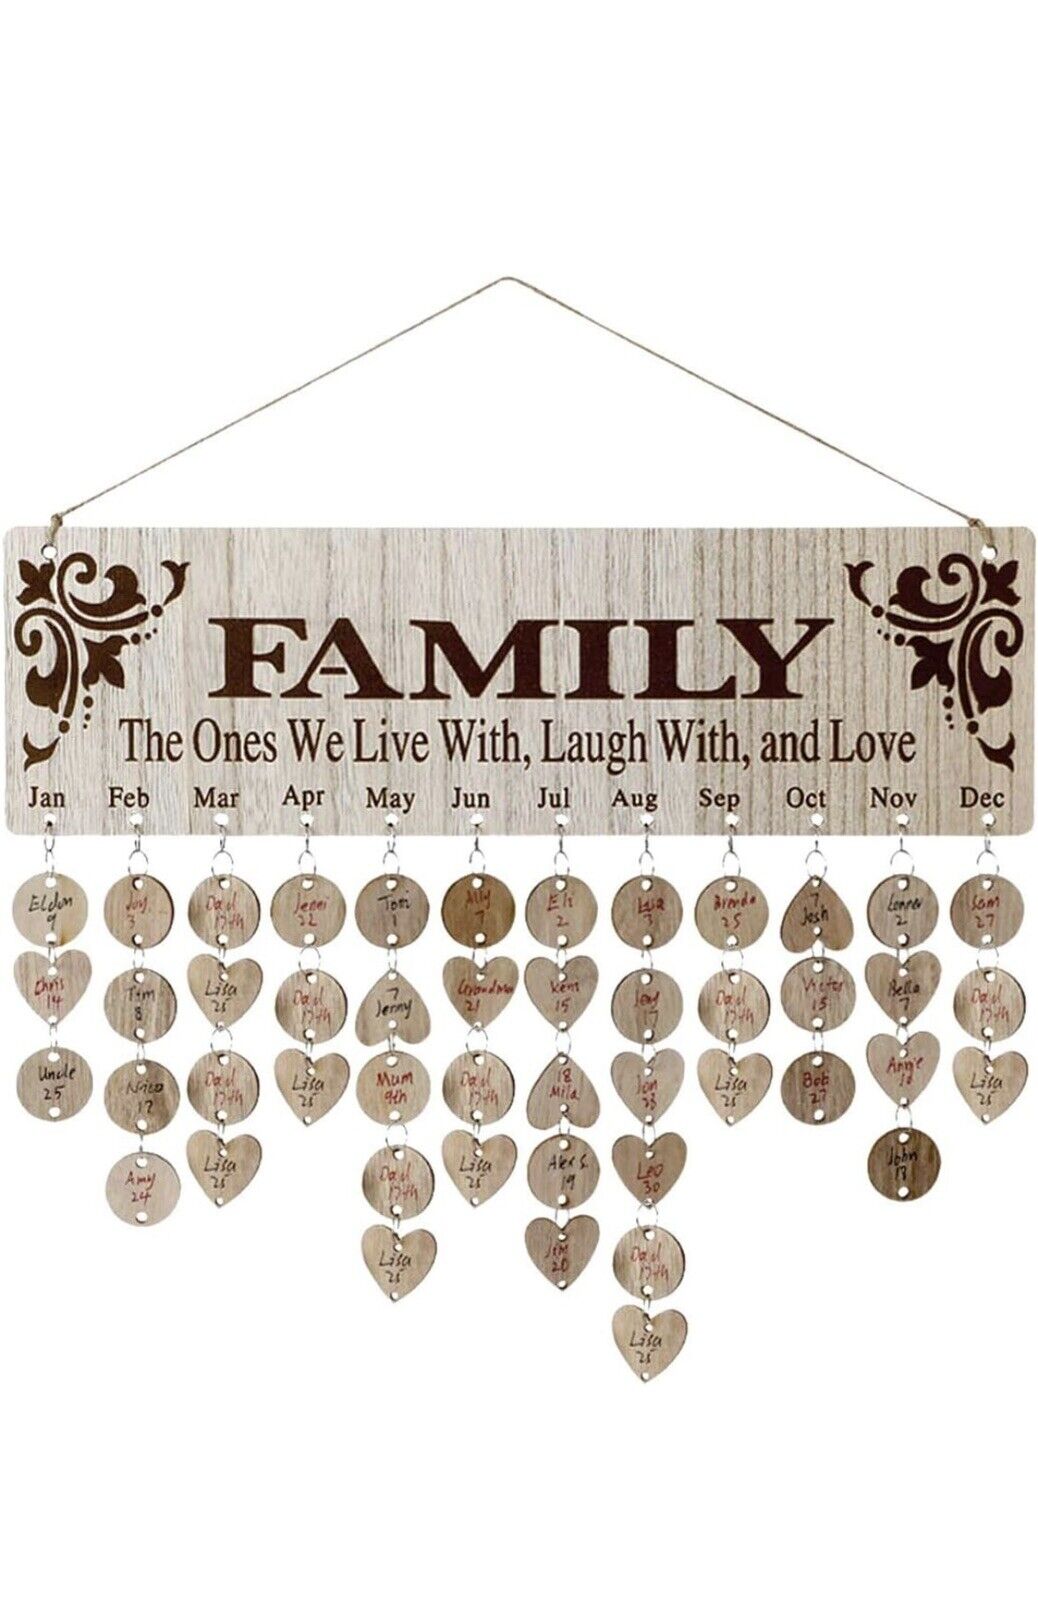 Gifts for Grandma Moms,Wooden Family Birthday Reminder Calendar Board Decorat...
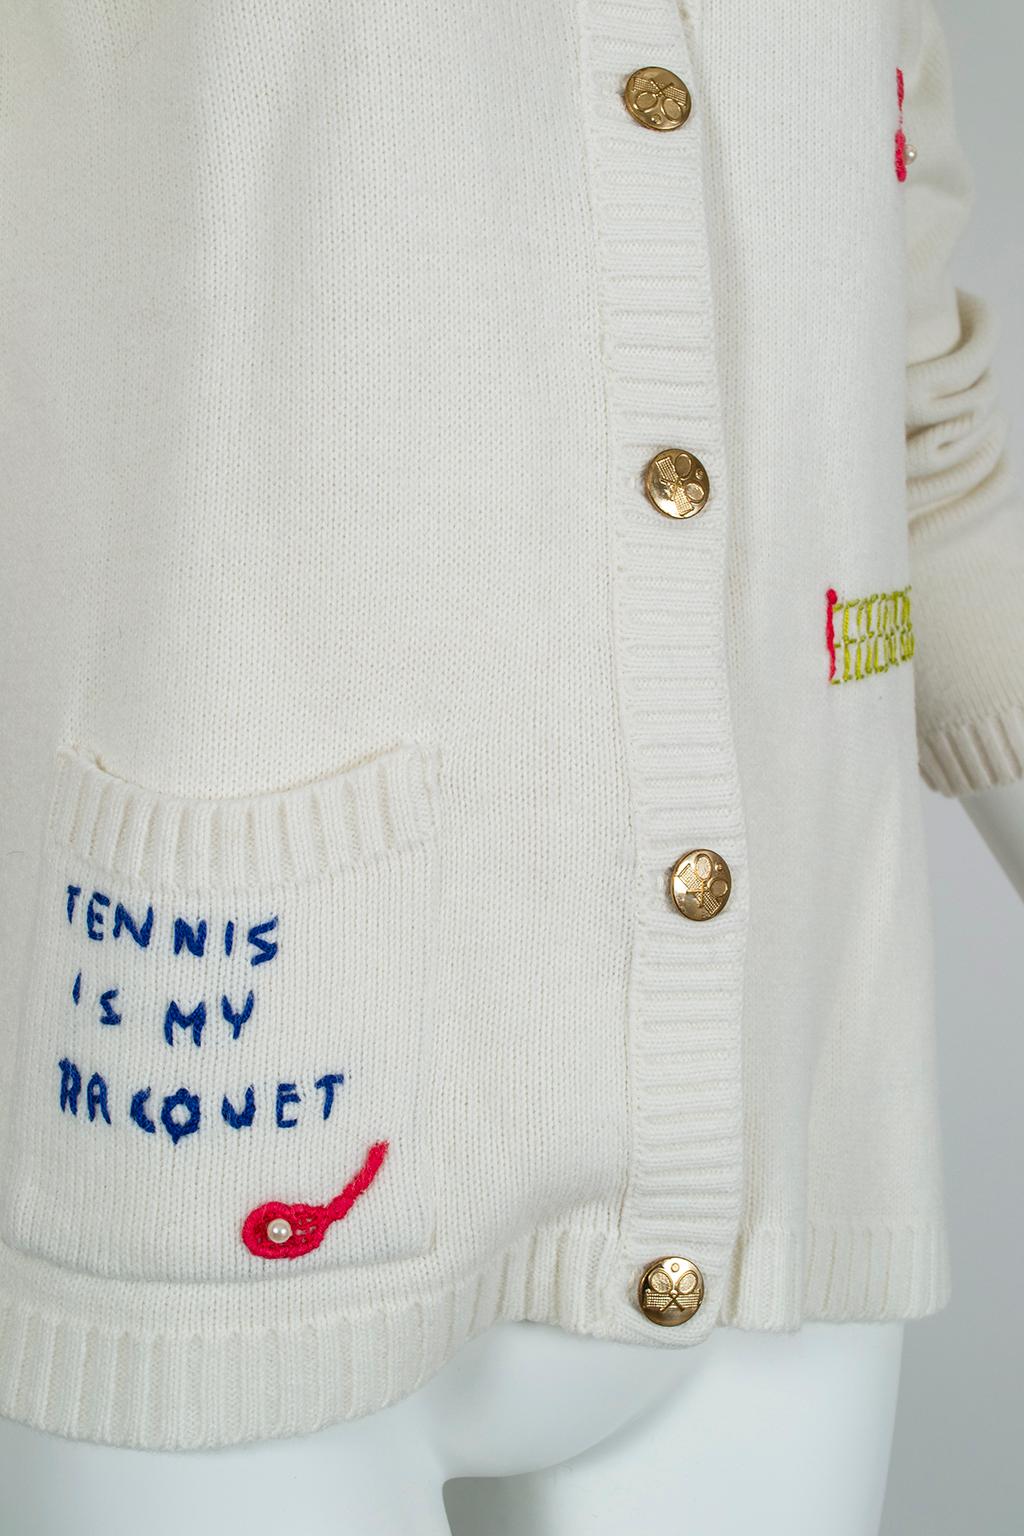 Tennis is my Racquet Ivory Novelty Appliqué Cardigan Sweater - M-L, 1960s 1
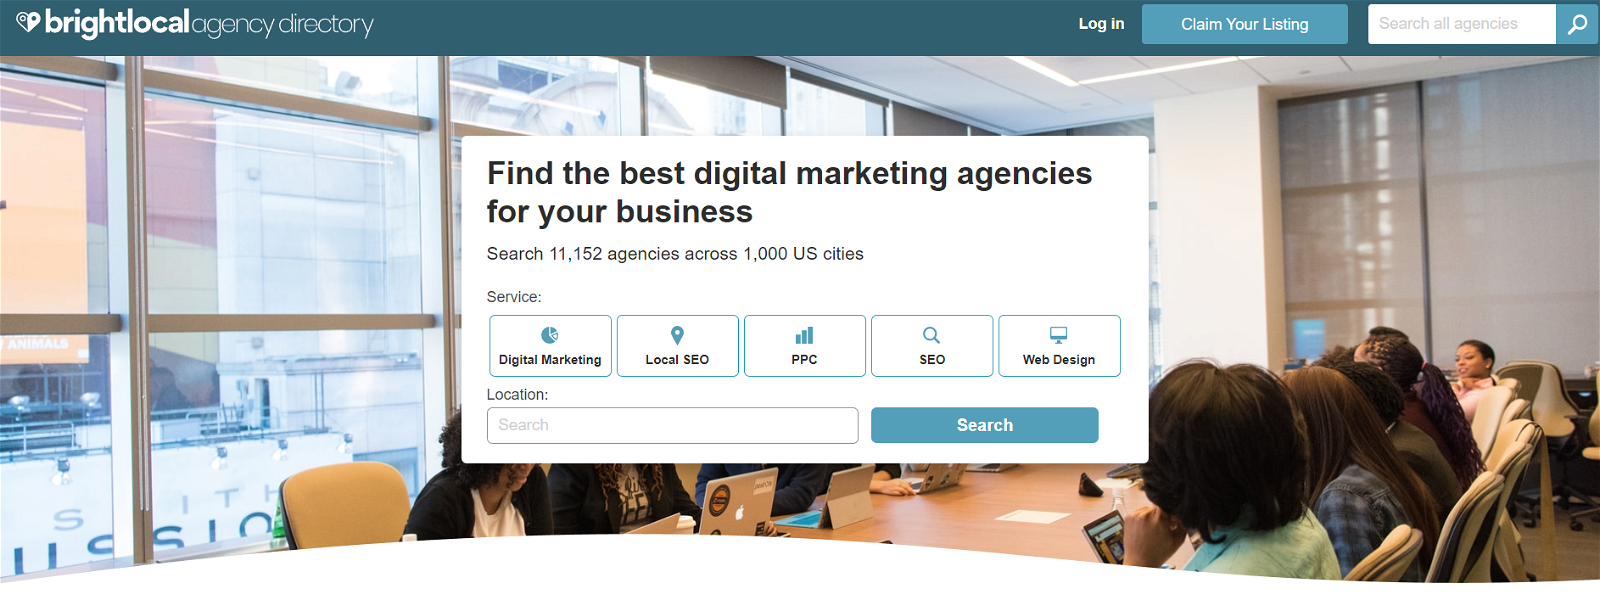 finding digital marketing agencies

################

A word-for-word repetition of the data above, without pictures, is the expected answer.

 Gifts for Grandma Moms,Wooden Family Birthday Reminder Calendar Board Decorat...
 Tennis is my Racquet Ivory Novelty Appliqué Cardigan Sweater - M-L, 1960s 1
 finding digital marketing agencies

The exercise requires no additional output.